Gary are you coming over for Harrogate?

I wanna try and come still but i have to wait and see. Want to bring the other half with me, but it means both of us missing a weekend of work and as we are both Taxi drivers its not exactly easy.

I hope you have great fun breeding some winners out of the mice i have sent over on the mouse train of the west. Thank you for my present and thank you phil for my fudge YUM YUM YUM!


----------



## Wight Isle Stud (May 19, 2010)

I will be coming to Harrogate, and if I cant breed winners from the fab stock you sent then I will want shooting. lol. undoubtedly you have been filled in on the level of necessary celebration, and the belting out of numerous Elvis songs (He was a bit famous and still is ) at 3am. lol that was a right wonderfull few days.


----------



## moustress (Sep 25, 2009)

One might well bite if one was transferred from place to place in a odd container, passed off in various degrees of sun or dark, cold or warm. But the poor thing is settling in soon, after your upcoming move, and it'll be OK....and so will you and your poor chomped fingie. It'll all be good; I'm as jealous as can be.

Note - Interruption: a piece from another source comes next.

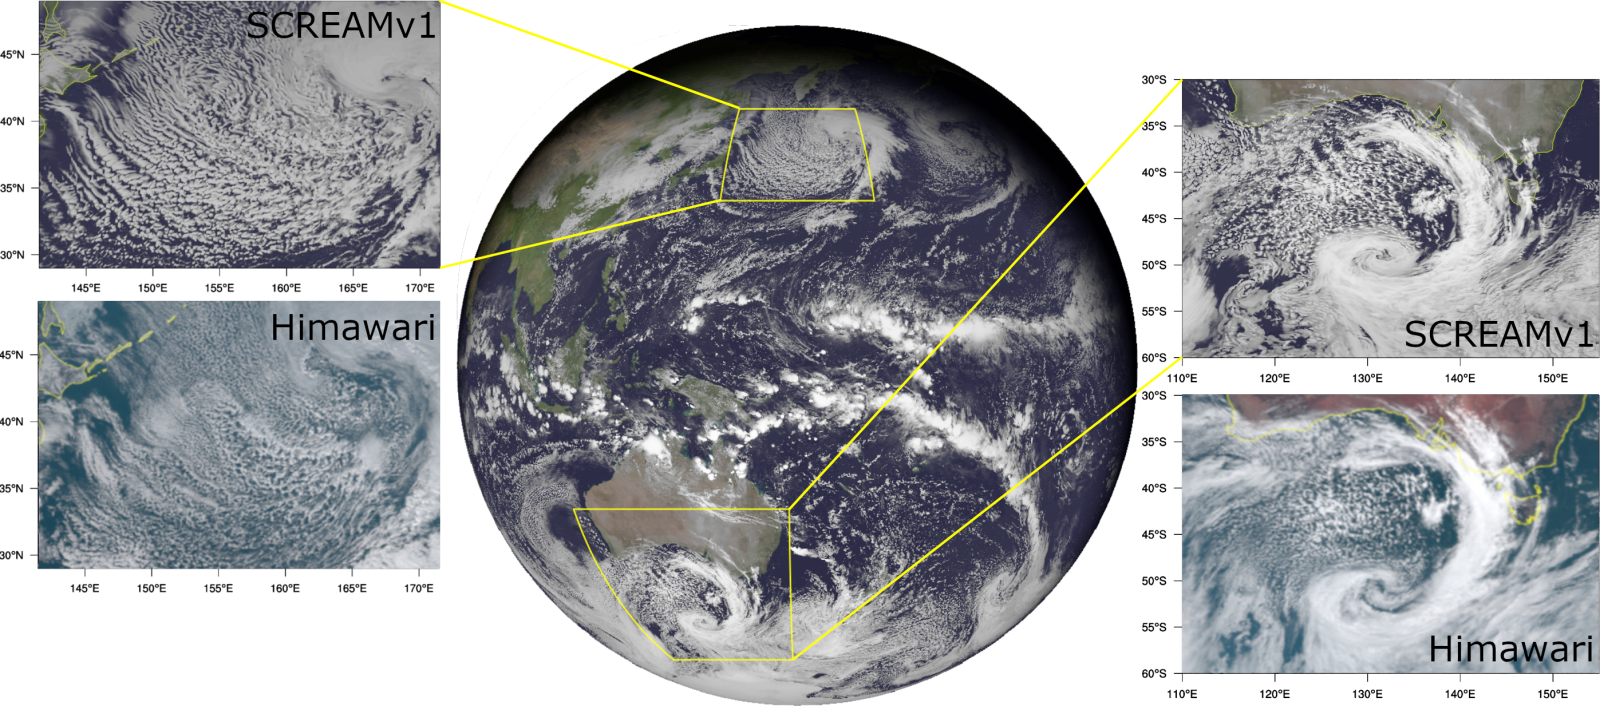 Figure 1: Snapshots of outgoing shortwave radiative flux at model top from a January SCREAM simulation, taken two days into the simulation (2020-01-22 at 02:00:00 UTC). The orthographic projection in the middle panel shows model clouds represented by shortwave flux superimposed on a NASA Blue Marble image (NASA Visible Earth – Home). The insets show comparisons against Himawari-8 visible satellite imagery for two scenes: a cold air outbreak event near Siberia (left), and a cyclone south of Australia (right).

A few of us US breeders had tried to plot something like this, and the only sensible thing presented was for us all to meet in Las Vegas for a Mid-American Rodent Roundup and Rodeo.

The spouse and I still brainstorm a pilgrimage to see mugwumpr in her native habitat, which is right in the middle of Canada.


----------



## The secret garden (May 13, 2010)

Yer sorry about my mouse biting you, you must have smelt funny lol


----------